Before we can work on how to get to where you want to be with your goals, we need to know where you currently are and how you got here. To do this, most coaching engagements I do start with articulating and reflecting upon your story.
Psychologist Jerome Bruner remarks how human beings are storytellers by nature. Part of the way we make sense of our lives is by the stories we tell ourselves about ourselves. Dan McAdams names this when he says that stories help us integrate our lives. The crafting of our stories helps us draw connections between disparate parts of our lives so that they reveal broader themes.
The way we go about this exercise depends on your preference. At the very least, I will ask you to reflect on some questions to bring to our first session. After sharing your reflections to the questions, we will spend time looking at themes and connections to your goals. Though coaching does not spend large amounts of time on family and the past, we do look back to your story to gather information on how to best move forward. Furthermore, the impact of this exercise is in the reflection process itself. It is rare that we spend time reflecting on our personal and professional journeys.
Here is a list of questions adapted from Jenny Rogers (2012). This is long and few clients work through every question, but these are representative of the kinds of questions you may reflect upon during this exercise:
- What effect has your birth order had on you?
- What were you rewarded for as a child? What were you punished for?
- How did you get on with your siblings?
- What effects have marriage/partner relationships had on your life?
- (For clients with children) What has the experience of being a parent done for you?
- If you have been in leadership or management, what has this experience done for you?
- How did you make your career choices?
- What helped you decide to move on from earlier jobs?
- What have been the highs and lows of these jobs?
- What themes and patterns do you see emerging in the story as you have told it?
- What are any connections to the coaching we will be doing?
- Who are the impactful people on your life – positive and negative?
- When have you felt completely in your flow either in life or in work?
- When was a moment when you felt like you failed?
- Do you have any turning points in your life or career and if so, what are they?
- Of what communities are you a part?
One version of this exercise is to visualize your story. A common visualization is a timeline as seen below.

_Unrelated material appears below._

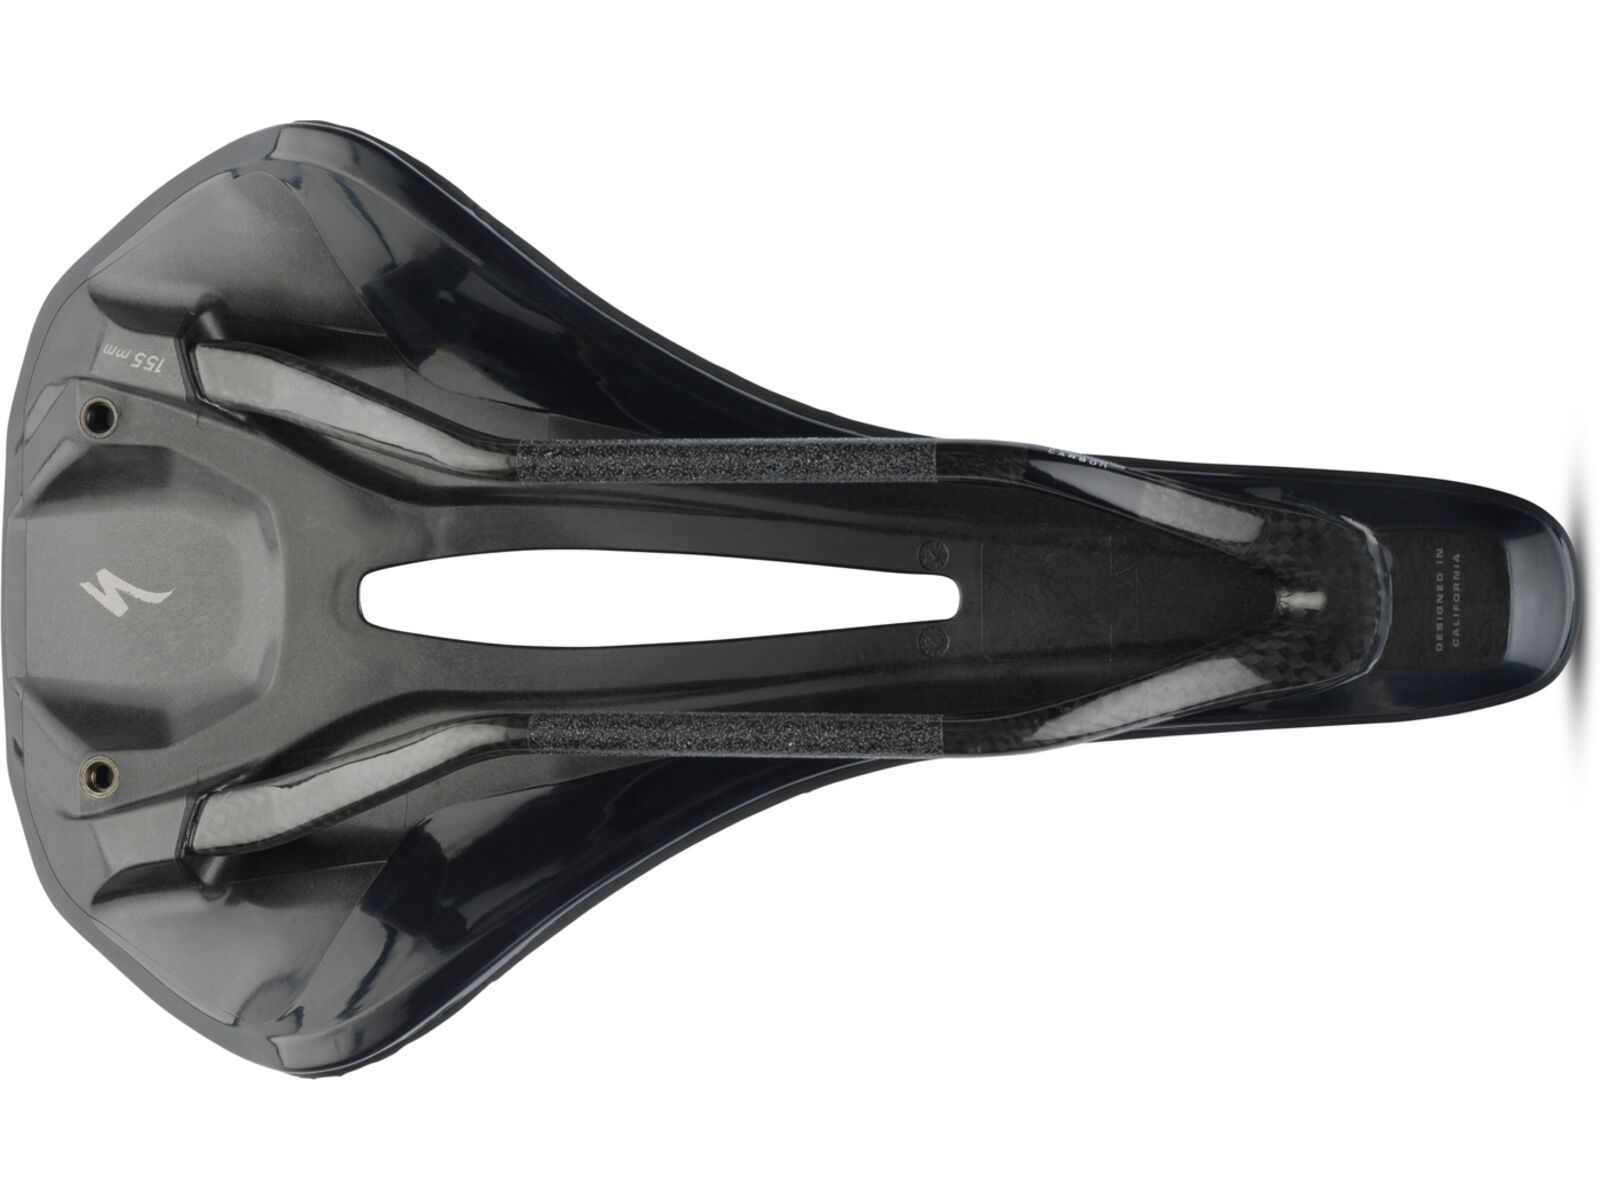 Specialized Phenom Pro Elaston Saddle - 143 mm, black | Bild 4

On this timeline you identify:
- Significant moments and phases of your life.
- Important people
- High and low points – high are above the line with lows below the line.
The timeline version is only one way to visualize your story. I have led this exercise many times with individuals and teams, and I am always amazed at the different ways people represent their stories:
- One person drew a river with rocks that split the stream and different sources that fed into it.
- Another person drew a forest with a meandering path to showcase how they have felt their professional journey had taken unconventional routes.
- One team developed each of their own super hero origin stories to emphasize their strengths and how they complement each other.
One time I went through this exercise for myself, I was inspired by the image of a tree because of its growing capacity, root system, and overall sturdiness. I took significant moments and represented them on the tree in ways that I felt characterized the quality of that experience. I “carved” the name of an important person in my life onto the trunk. The roots represented values, people, and experiences that grounded me in my life. The branches were different directions my life was headed. From there, I drew a dilapidated treehouse on one side of the tree to represent a past career I had been building but then left. I even drew more leaves on some branches that characterized parts of my journey that felt more “alive” than others.
This is what I love about this exercise – it taps into our own unique creative and reflective styles. If drawing is not for you, that is not a problem. This is not an art contest, and you will not be judged on how pretty the end product is. Many clients choose to write their stories out in linear fashion in a word document. The most important aspects are identifying significant moments and people, time placement, highs and lows, themes, and connections to your goals. The point here is that you can make this exercise what you want in order to showcase key aspects of the journey that brought you to where you are at right now.
Because this exercise can be relevant at any point in your life, you can use it many times. Each time you may focus on different moments or use different images. In fact, its important to reflect on our stories multiple times because it helps us gain new perspective and identify what’s resonating with where we are currently at in our journey.
The following is a list of images that past clients have used that may help prompt an inspiring way to go about this exercise.
- Forest path
- Diver swimming through an ocean
- Super hero origin story
- Record album
- Book with chapters
Rogers, Jenny (2012). Coaching Skills: A Handbook (3rd ed.) Berkshire, England: Open University Press, McGraw-Hill.